In today’s global economy, our farmers and ranchers are facing many obstacles – from international trade and market access to ever-changing technologies and regulations. None of these are as pressing, however, as the lack of a legal, high-quality and reliable workforce.

We want to highlight our progress in the hopes that it may pave the way for future compromises. Our effort shows that much can be achieved if members of Congress work with stakeholders on all sides to address needs in specific industries. If we get businesses, industry associations, and workers’ groups together in a room, we can succeed.

In our specific case, we heard from farmworkers and producers about how the H-2A guestworker program is seriously flawed. From the outdated application process, unsustainable costs, and convoluted federal jurisdiction to a lack of access for dairy farmers and other year-round operations, it is clear the H-2A program needs to work better.

The Farm Workforce Modernization Act provides predictability for farmers by overhauling the visa program to ensure real access to a strong workforce. At the same time, it guarantees certainty for the farmworkers who have been helping feed the world for decades by creating a first-of-its-kind, merit-based visa program specifically designed for the nation’s agricultural sector.

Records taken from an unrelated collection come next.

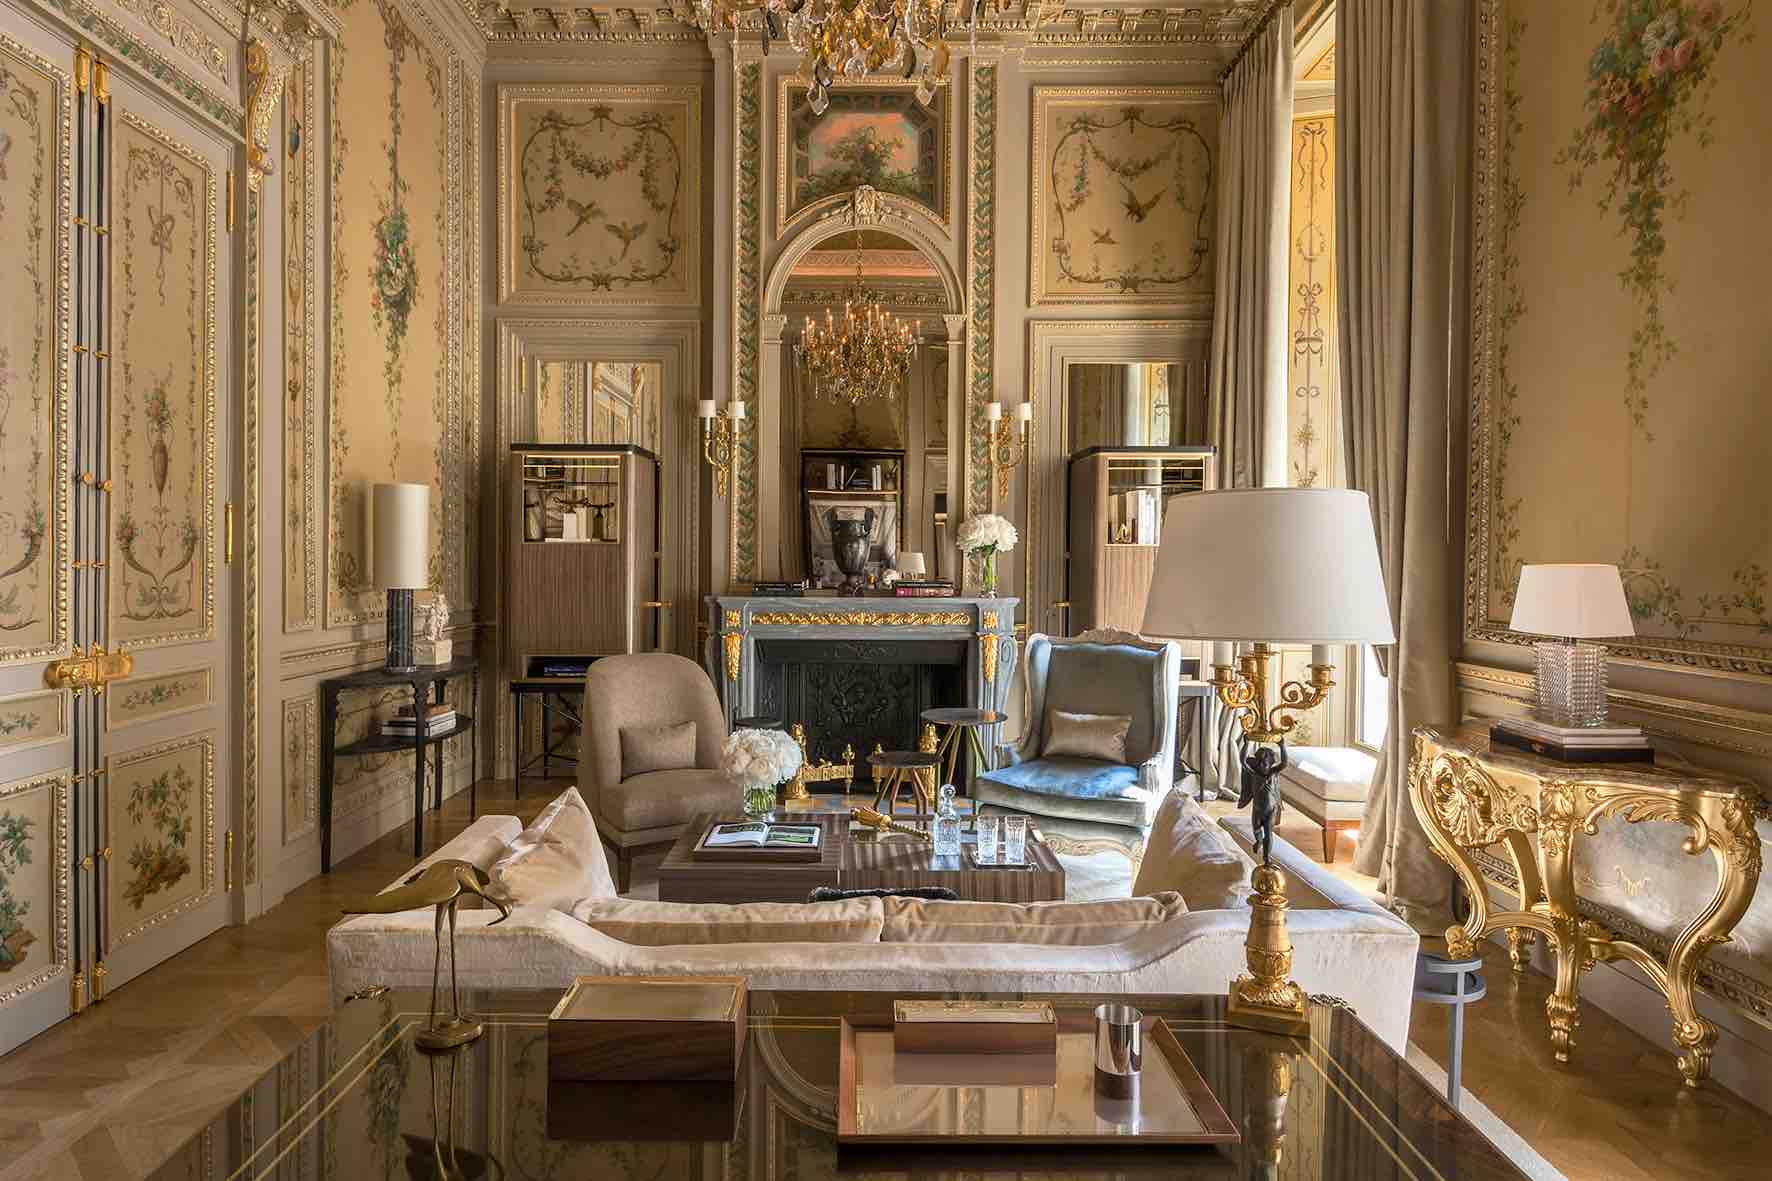 2. Suite Duc de Crillon - Living Room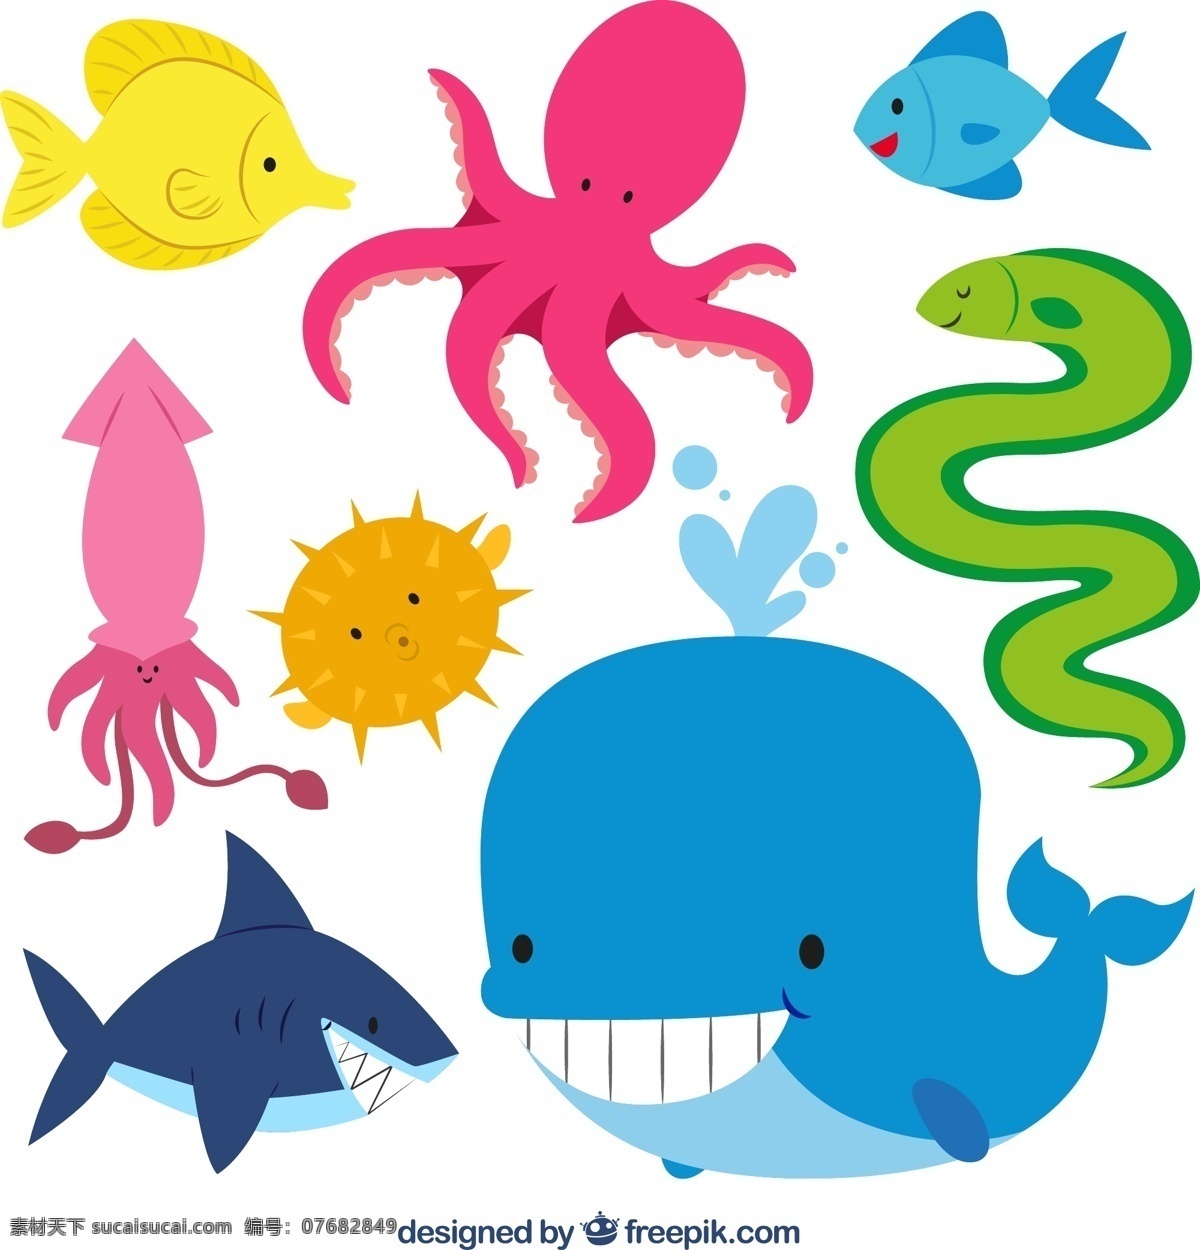 卡通海洋生物 彩色海洋生物 鱼 章鱼 鲸鱼 鱿鱼 河豚 鲨鱼 海鳗 海洋生物 动物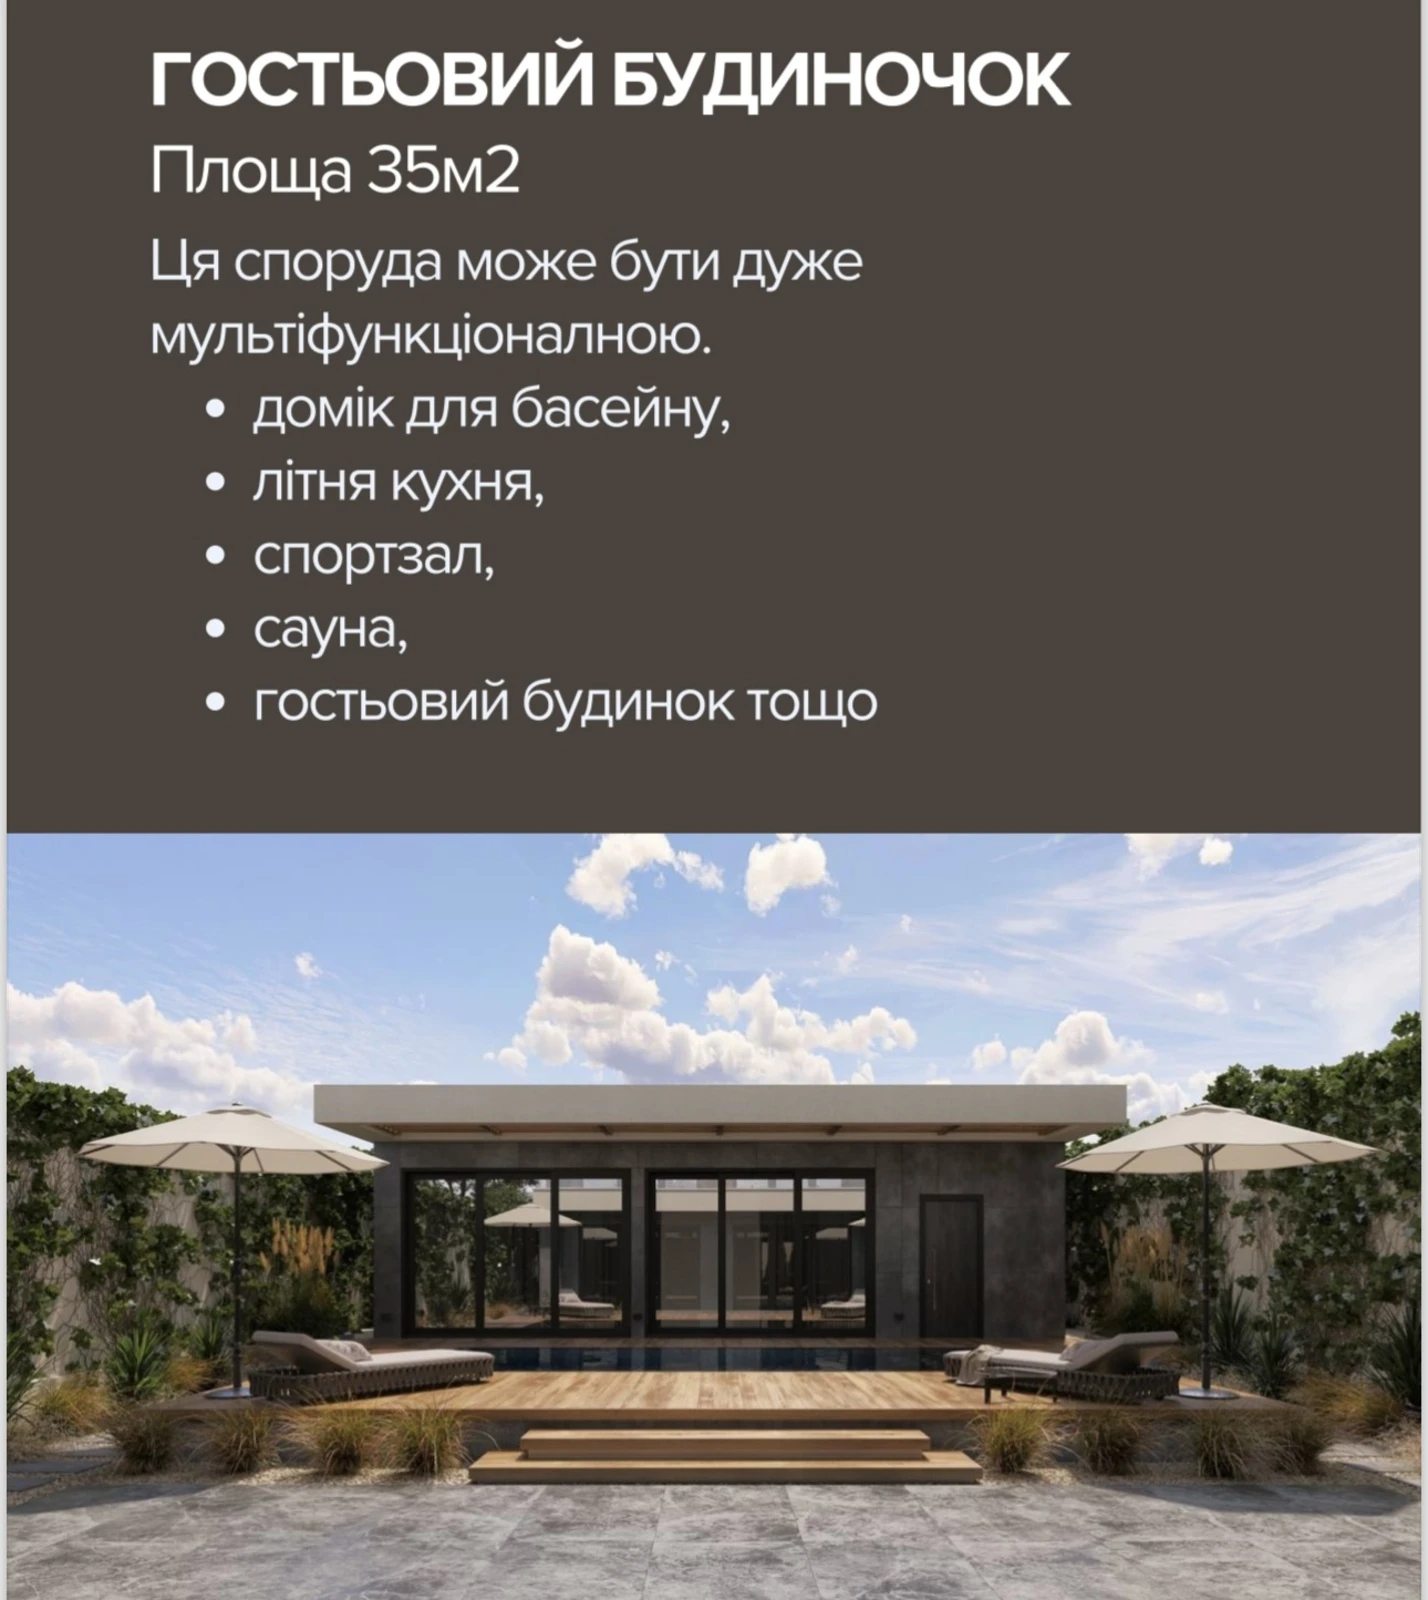 Продаж будинку. 230 m², 2 floors. Морський проспект, Одеса.

With a modernized, employment-based immigration system, farmworkers who have become experts in our fields – thanks to decades of service to America’s farms – can earn legal status, with the option to later seek permanent residence, to ensure the stability of American agriculture.

The House has not passed agriculture labor reform since 1986, and it’s well-past due. We know the national conversation about immigration has changed, yet we can’t be daunted by what did not happen or what people say is impossible. Instead, we must look to areas, like the agricultural workforce, where we have confidence we can make progress and try to move forward, together – Democrats and Republicans.

Our bipartisan, collaborative effort to pass the Farm Workforce Modernization Act in the House is a momentous one. This initial step forward is key for Americas farmers and ranchers to finally gain access to the dependable and experienced workforce they need and deserve.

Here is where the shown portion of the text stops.